H.R. 975 Flunks the Common-sense Test When It Comes to Child Support

Written by:
Hon. Margaret Dee McGarity
Chief Judge, U.S. Bankruptcy Court
Eastern District of Wisconsin; Milwaukee

"We do God's work. We collect child support." The first time I heard that at an NCSEA (National Child Support Enforcement Association) convention several years ago, I marveled at such job dedication. But with the record some parents in this country have with respect to how they support their children, it is good that someone else feels strongly that these children are taken care of. Of course, this does not address the parents who give these children life and leave without a backward glance. Or who question paternity after the child has formed a bond of many years.

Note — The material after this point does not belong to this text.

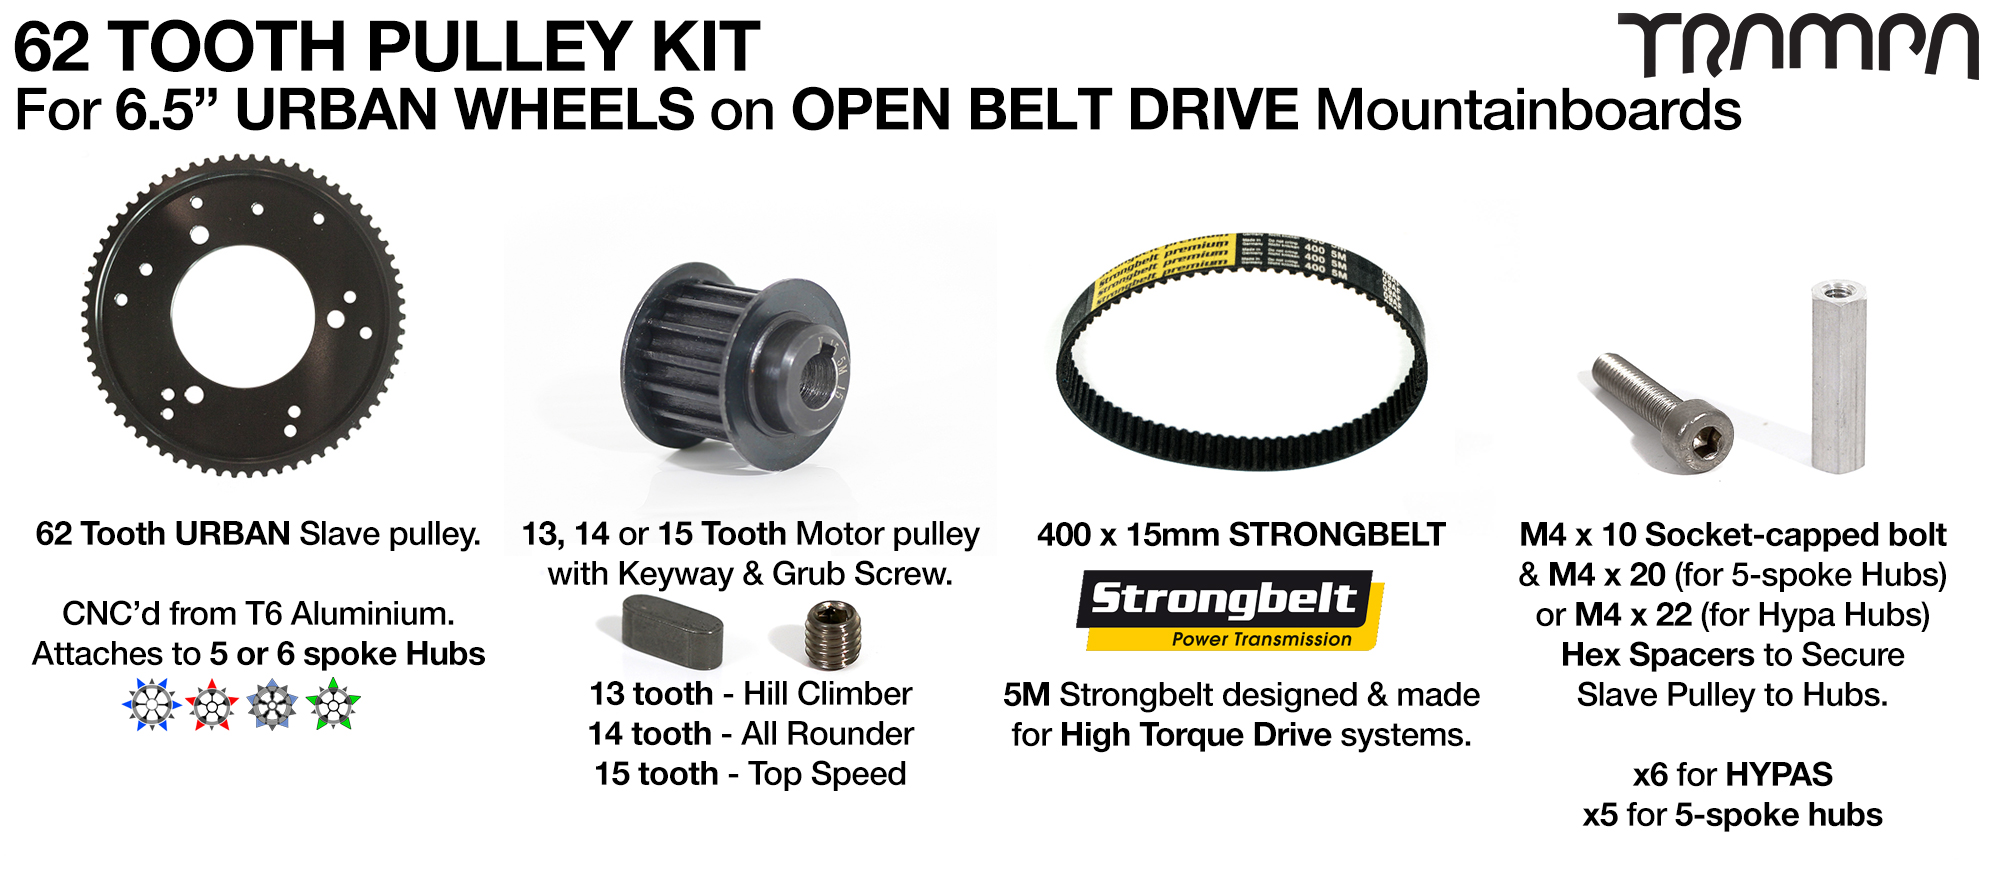 76T OBD Panel 62 Tooth Pulley Kit with 415x 15mm Belt - URBAN Wheels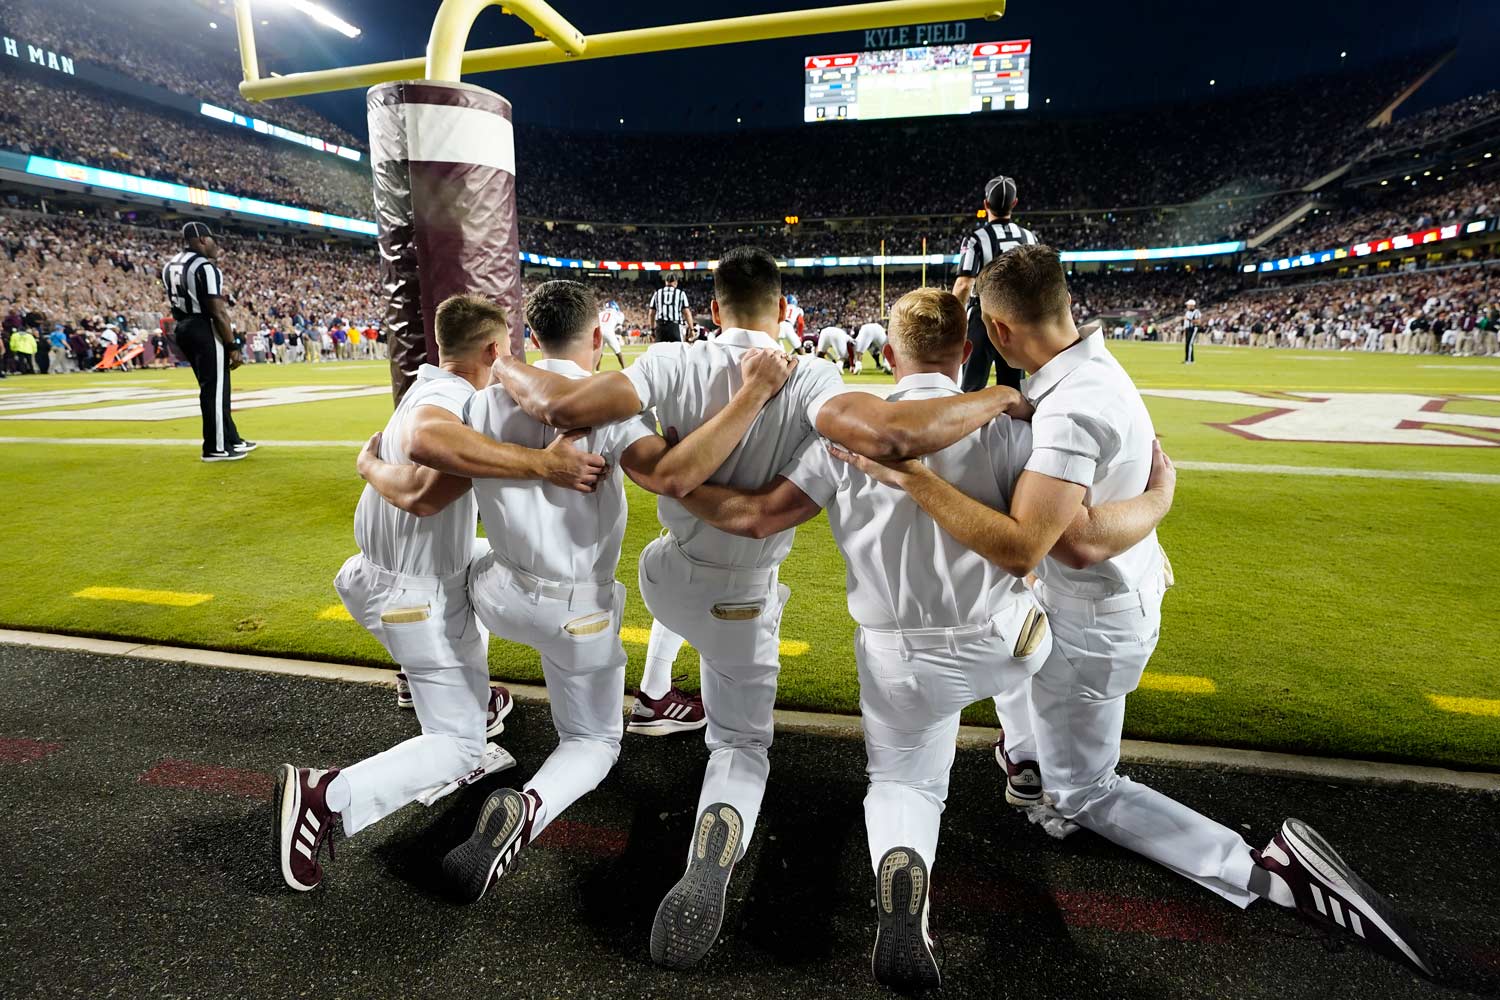 The ϲʹ̳ Yell leaders prep for kickoff in the endzone of Kyle Field

Or who move them down in priority after rejecting the other parent, thus creating the "nose-pressed-against-the-window syndrome." But that is for another tirade.

The Federal Office of Child Support Enforcement keeps statistics on shameful things like accumulated unpaid child support and numbers of cases receiving payments or not receiving payments, along with government child support agency collection rates and other related information. Preliminary statistics for 2002 estimate approximately $92.3 billion in accumulated unpaid support, up from $88 billion in 2001.1 One of the NCSEA conference attendees told me his office estimates that approximately two thirds of amounts due in their district are uncollectible, and that may be a good estimate nationwide. Collection of current support is up significantly in 2002, but still only about 68 percent of current orders are paid.2 The U.S. Census Bureau also keeps records on child support, based on data collected in 2000 for calendar year 1999.3 Not surprisingly, the Bureau concludes that only about 15.1 percent of custodial parents that received all child support ordered lived at the poverty level, whereas 24.6 percent who received part of the support ordered were poor. Almost 30 percent who received no support were classified as poor.4 In other words, children are a lot better off if the noncustodial parent helps support the child.5

Enter child-support agencies, attorneys, support staff and others who work in the field of child support enforcement and collection on behalf of individuals or governmental units. They represent individuals in enforcing support orders, collecting reimbursement of public assistance of various types and enforcing orders under IV-D of the Social Security Act and other federal and state laws, UIFSA (Uniform Interstate Family Support Act), international treaties, tribal treaties and the like. The NCSEA provides education and support for enforcement personnel, dissemination of information concerning existing and proposed legislation, administration of programs and other matters generally intended to make such personnel effective and professional.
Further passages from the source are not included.